Not Exactly As Planned by Linda Rosenbaum

Not Exactly As Planned by Linda Rosenbaum

Author:Linda Rosenbaum
Language: eng
Format: epub
Publisher: Demeter Press
Published: 2014-07-01T16:00:00+00:00


9.

Special Needs Son, Special Needs Family

Toronto Island, 1993

ROBIN WAS HOME FROM WORK one morning when the phone rang. “Can you get it?” he asked, “I’m making coffee.”

“No,” I said, “it might be the school. You talk this time. I’m sick of handling everything myself.”

It was like every other morning I was home from work. I’d lie in wait, as if a bomb were about to detonate. When it did, in the form of a phone call from Michael’s public school principal, my shoulders tightened and I’d feel as if I was about to explode. I dreaded hearing the sound of her voice once again telling me Michael had done something “bad.”

When he was six, Michael entered Grade One in the public school system after successfully completing two years of preschool and one year of kindergarten at the Island’s Montessori School. Each morning after Robin dropped Sarah off at Yolanda’s on his way to work, I embroiled myself in the usual struggle getting Michael up, washed, dressed and fed. Mission accomplished, I’d get him out the door and we’d walk hand-in-hand to the path at the bottom of the Algonquin bridge, where I’d lie in wait until the school bus picked him up for the one-mile ride to the Island Public School. I’d come home, get back into bed, stuff my head under a pillow and wait for the phone to ring. More often than not, it did. The complaints went like this:

Michael threw stones in the playground during recess and lunch hour.
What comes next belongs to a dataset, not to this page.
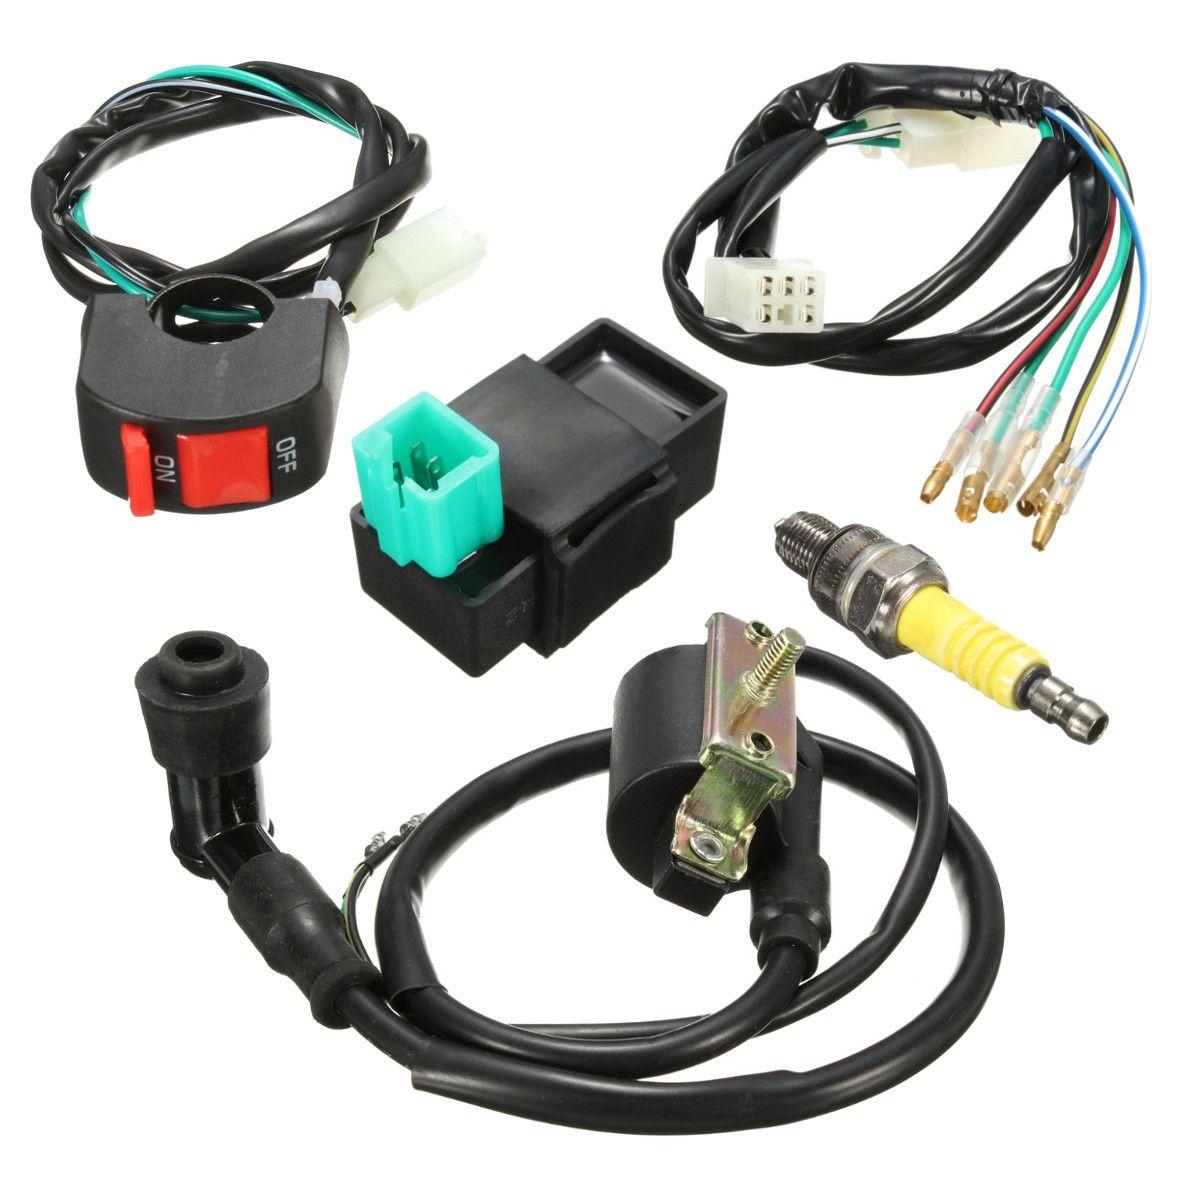 2a1294215cebb125ab41eb4df7b8532c wiring loom kill switch coil cdi spark plug kit for 110cc 125cc auto electrical wiring diagrams at honlapkeszites.co

He hit some kids and a teacher.

He keeps fidgeting and won’t sit still when asked.

He walks around the classroom.

He kicked two kids after they teased him.
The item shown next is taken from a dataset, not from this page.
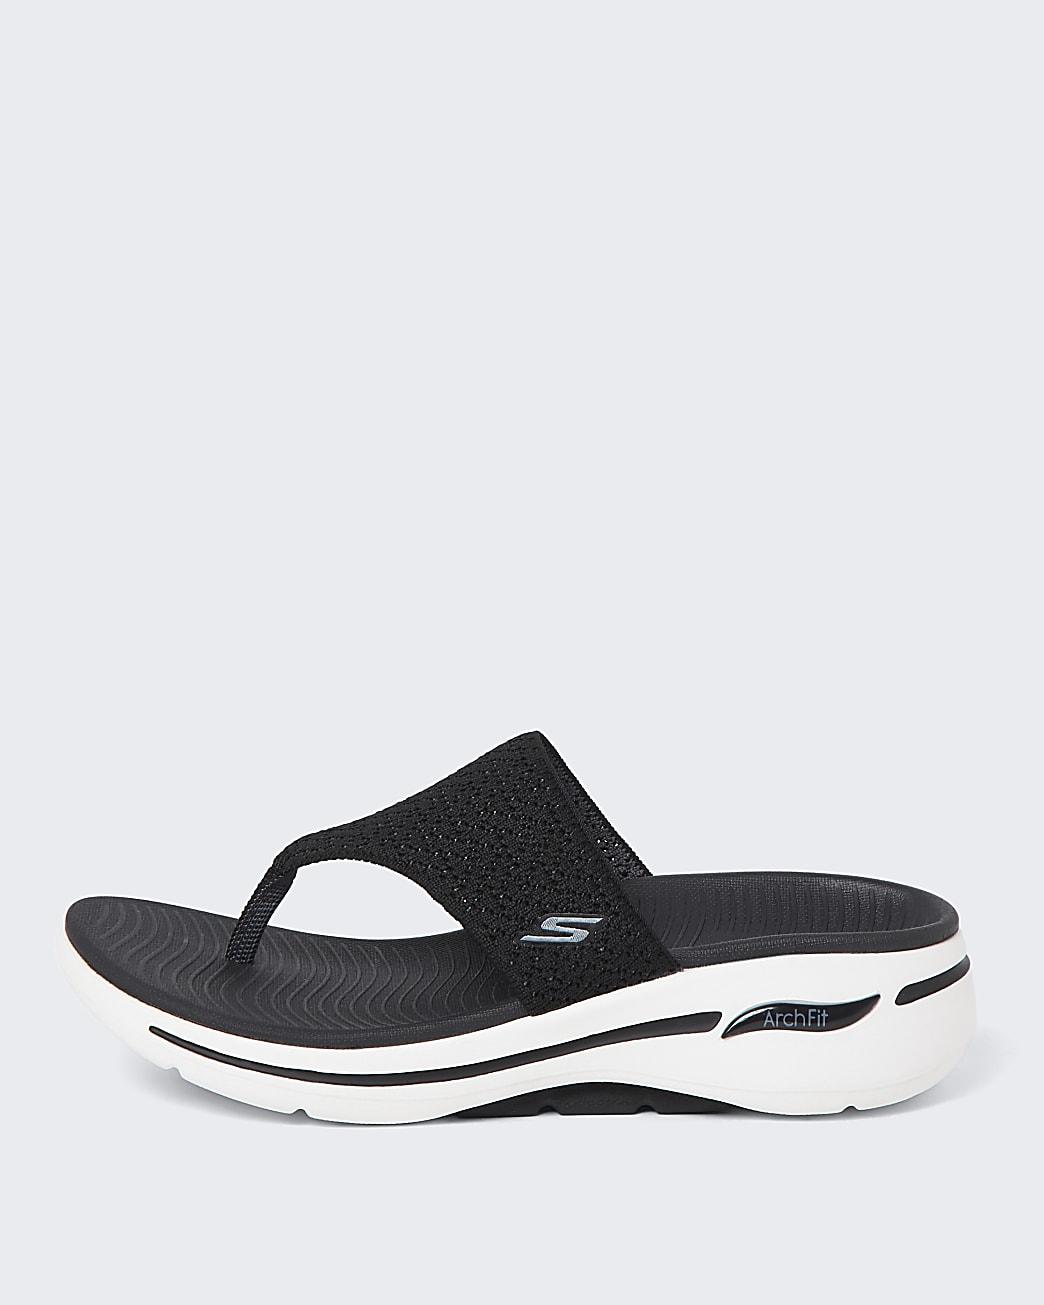 Skechers black flip flop trainers

He doesn’t follow instructions, and willfully disobeys the teacher.

He doesn’t move from one classroom activity when asked.

He won’t get involved in group activities.

He’s more interested in “parallel” play than actively playing with the other children.

I was going to meeting after meeting to discuss these issues with Michael’s teacher and the principal. They called and asked me what to do about the problems. “How should I know?” I wanted to say, “You’re asking me? You’re the professionals,” but I didn’t. The best I could do was to describe the successful strategies Michael’s Montessori teachers had used during the three years he was there:

Don’t make Michael work in groups. He is a loner and can at best “parallel play.”

Don’t let him “just play” or be left on his own during recess in the playground. He needs structure and programmed activities.

Have him clean blackboards or put books in bookshelves…

Repeat instructions. He doesn’t understand them the first time he hears them.

If an instruction is multi-stepped, have him do one thing and come back for a reminder of what the next step is. He doesn’t remember steps that follow.

Give Michael advance notice and repeat warnings before he has to move from one activity to another. He gets stuck and needs time for transitions.

Give him a small ball, play dough or clay to play with in his hands at all times.